Most likely the problem is in some cases closing the socket doesn't cause a graceful (FIN) shutdown.
Checking for exceptions returning from your select may catch the remainder of cases. There is also the (slim) possibility that no notification is actually being sent to the socket that the other end has closed. In that case, there is no way other than timeouts or "keep alive"/ping messages between the endpoints to know that the socket has closed.
If you want to figure out exactly what is happening, break out wireshark and look for FINs and RSTs (and the absence of anything). If you see the proper FIN sequence going across when your socket is closed, then the problem must be in your code. if you see RST, it may be caught by exceptions, and if you don't see anything you'll need to devise a way in your protocol to 'ping' each side of the connection to make sure they are still alive, or set a sufficiently short timeout for more data.

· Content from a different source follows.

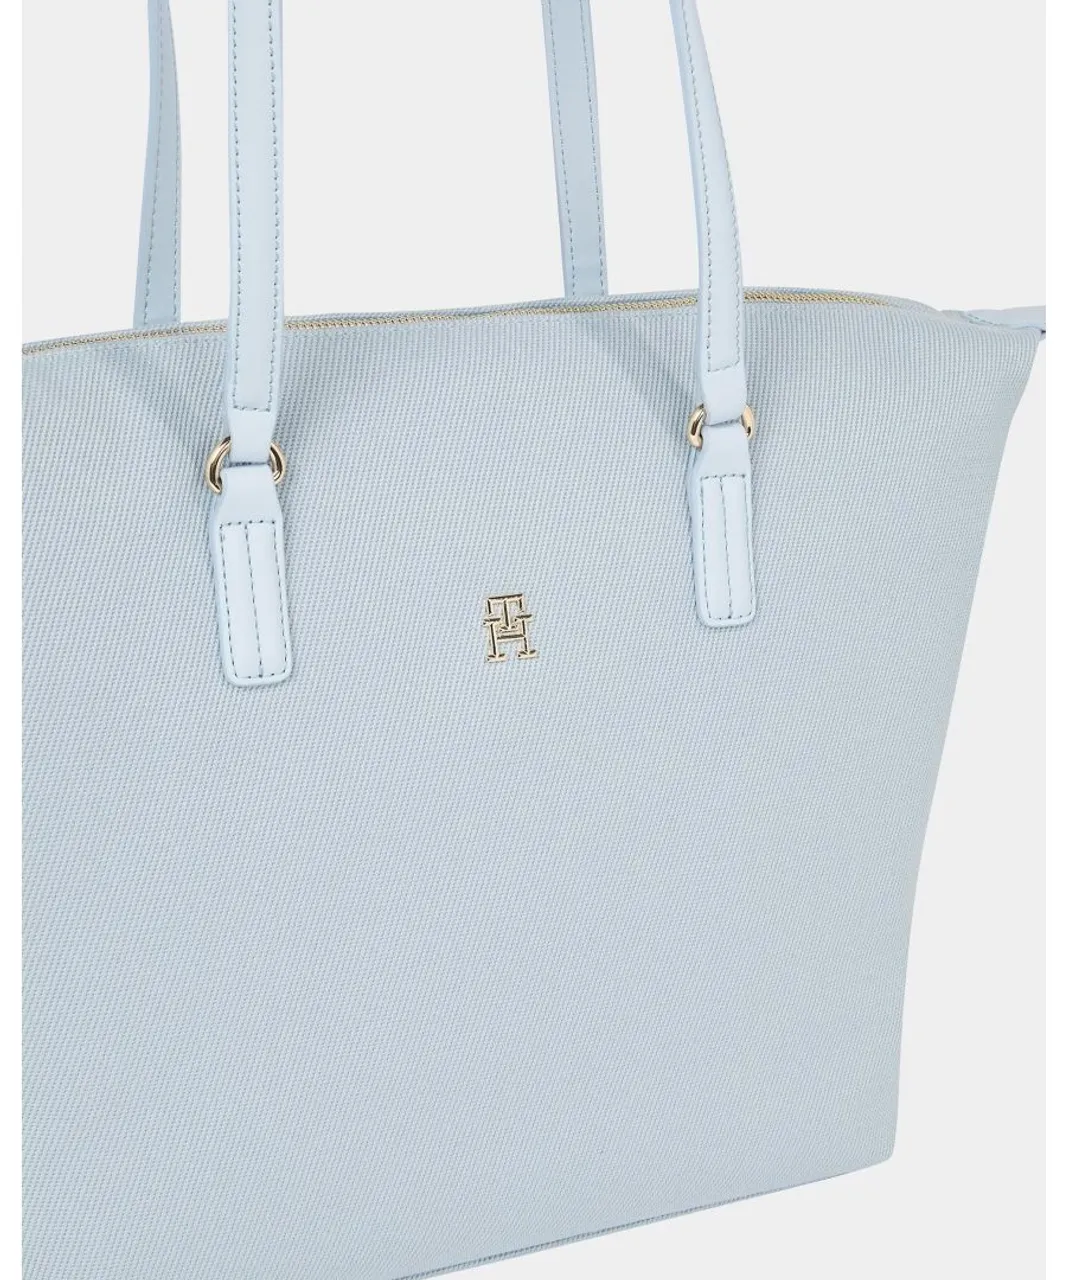 Tommy Hilfiger Poppy Womens Canvas Tote Bag - Blue - One Size

Rather than chasing perceived bugs in select(), I'm going to address your original fallacy that drove you away from simple, reliable, single-threaded design.
You said "You can't do non-blocking reads on STDIN_FILE_HANDLE, either. That means there is no way to read stdin from the main thread, since ReadFile() might block indefinitely" but this simply isn't the whole story. Look at ReadConsoleInput, WSAEventSelect, and WaitForMultipleObjects. The stdin handle will be signalled only when there is input and ReadConsoleInput will return immediately (pretty much the same idea behind select() in Unix).
Or, use ReadFileEx and WaitForMultipleObjectsEx to have the console reads fire off an APC (which isn't all that asynchronous, it runs on the main thread and only during WaitForMultipleObjectsEx or another explicit wait function).
If you want to stick with using a second thread to get async I/O on stdin, then you might try closing the handle being passed to select instead of doing a socket shutdown (via closesocket on the other end). In my experience select() tends to return really quickly when one of the fds it is waiting on gets closed.
Or, maybe your problem is the other way around. The select docs say "For connection-oriented sockets, readability can also indicate that a request to close the socket has been received from the peer". Typically you'd send that "request to close the socket" by calling shutdown(), not closesocket().